To be fair it probably wouldn't happen, well not with not tightwad arses like Skyscraper anyway. $5 on a $100 meal - what a cheapskate shithead.


----------



## Dr. Furface (Jul 30, 2008)

Sadly, I think you're right - crap service is a major part of British culture, like shit public transport, and lots of other things that are rubbish that we put up with.


----------



## 1927 (Jul 30, 2008)

skyscraper101 said:


> Fuck all that. Tipping should be something extra you pay because someone put in the _extra_ effort when working.
> 
> But tipping 15% automatically just because the government expects them to be tipped and then justifies paying _lower_ minimum wage?
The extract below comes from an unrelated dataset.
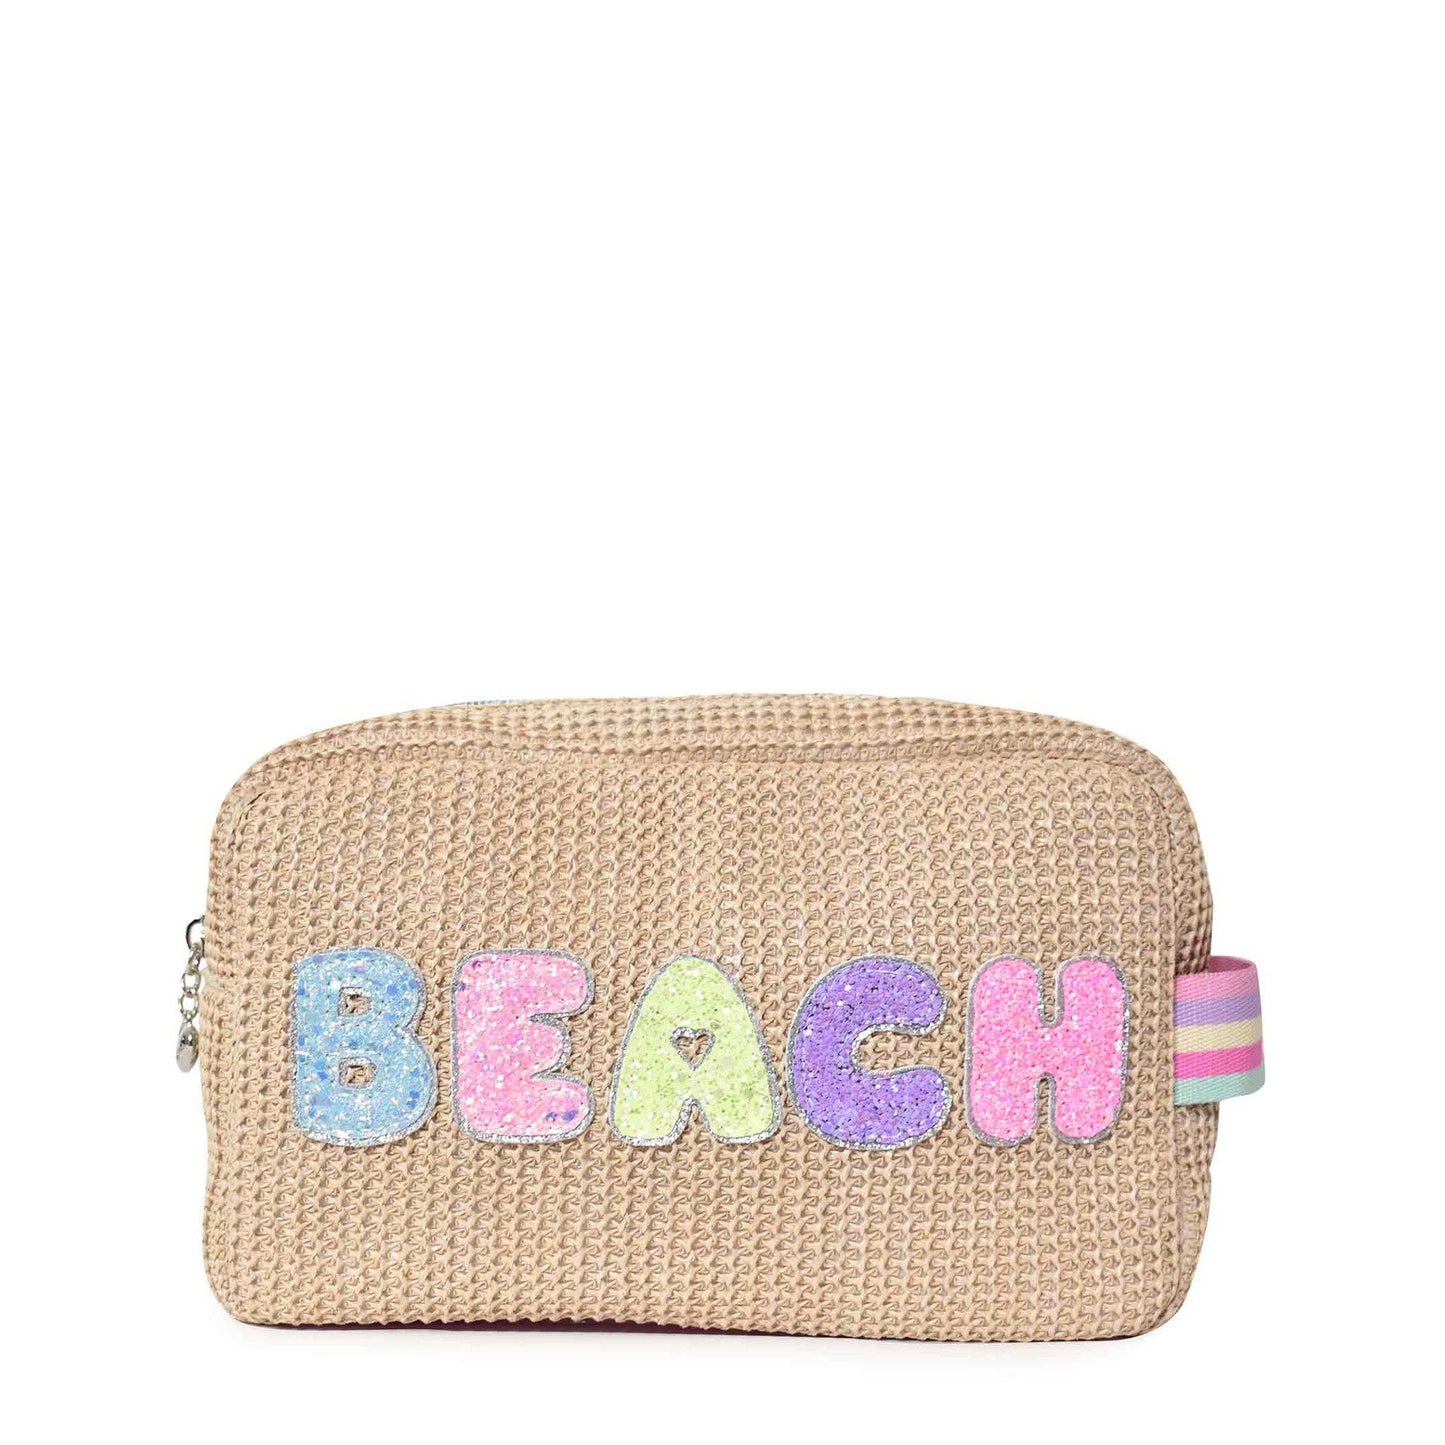 'Beach' Straw Pouch

Thats bullshit. And what it then does is lower the standard of service whereby waiting staff simply have to just do their job to get an extra reward, and if you don't tip, you're more likely to get inferior service the next time.
> 
> Its bollocks. Why should I endorse their policy through automatically tipping some 'socially' required minimum just because the government refuses to pay them as equally as a street cleaner?



Look at it like this.

When it says $20 on the menu, it is actually $23, but they would like you to give the $3 direct to the waiter to save them the hassle.
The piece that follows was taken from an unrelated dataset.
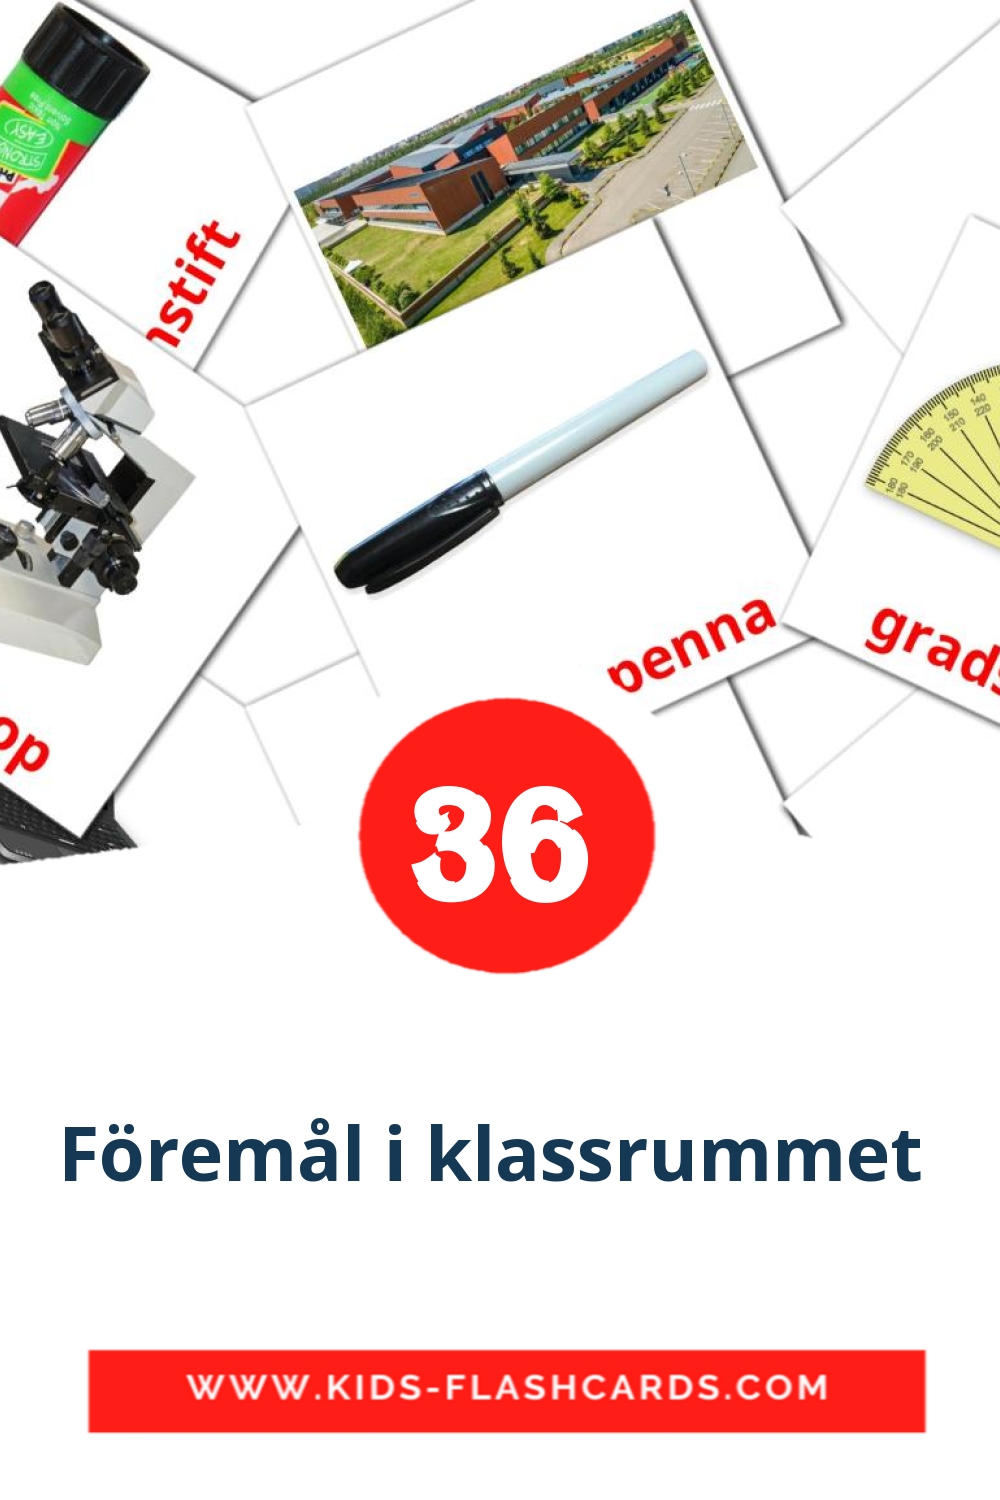 36 tarjetas didacticas de Föremål i klassrummet  para el jardín de infancia en sueco

If you dont agree with the culture don't go there. simple as.


----------



## Yuwipi Woman (Jul 30, 2008)

1927 said:


> Look at it like this.
> 
> When it says $20 on the menu, it is actually $23, but they would like you to give the $3 direct to the waiter to save them the hassle.
> 
> If you dont agree with the culture don't go there. simple as.



Its not as bad parts of Mexico.  You have to tip your boss in many jobs such as manufacturing.  Often a bottle of booze or some such is expected here and there just as a gratuity for having a job.


----------



## spring-peeper (Jul 30, 2008)

1927 said:


> Look at it like this.
> 
> When it says $20 on the menu, it is actually $23, but they would like you to give the $3 direct to the waiter to save them the hassle.
> 
> If you dont agree with the culture don't go there. simple as.



Actually, it may say $20 on the menu, but you forgot to add the sales tax on top of that.  Then you add the tip.


----------



## FridgeMagnet (Jul 30, 2008)

Dr. Furface said:


> I don't like having to tip but when I'm in the US I'm usually impressed by the standard of service in bars and restaurants, both the pleasantness of the staff and their efficiency, so I don't mind so much. When you come back you really notice how bad the standards of service generally are here, and it makes me wish that we operated the same system. If we did you certainly wouldn't get the kind of miserable, surly, rude and slow service that is so commonplace here that we just about take it for granted.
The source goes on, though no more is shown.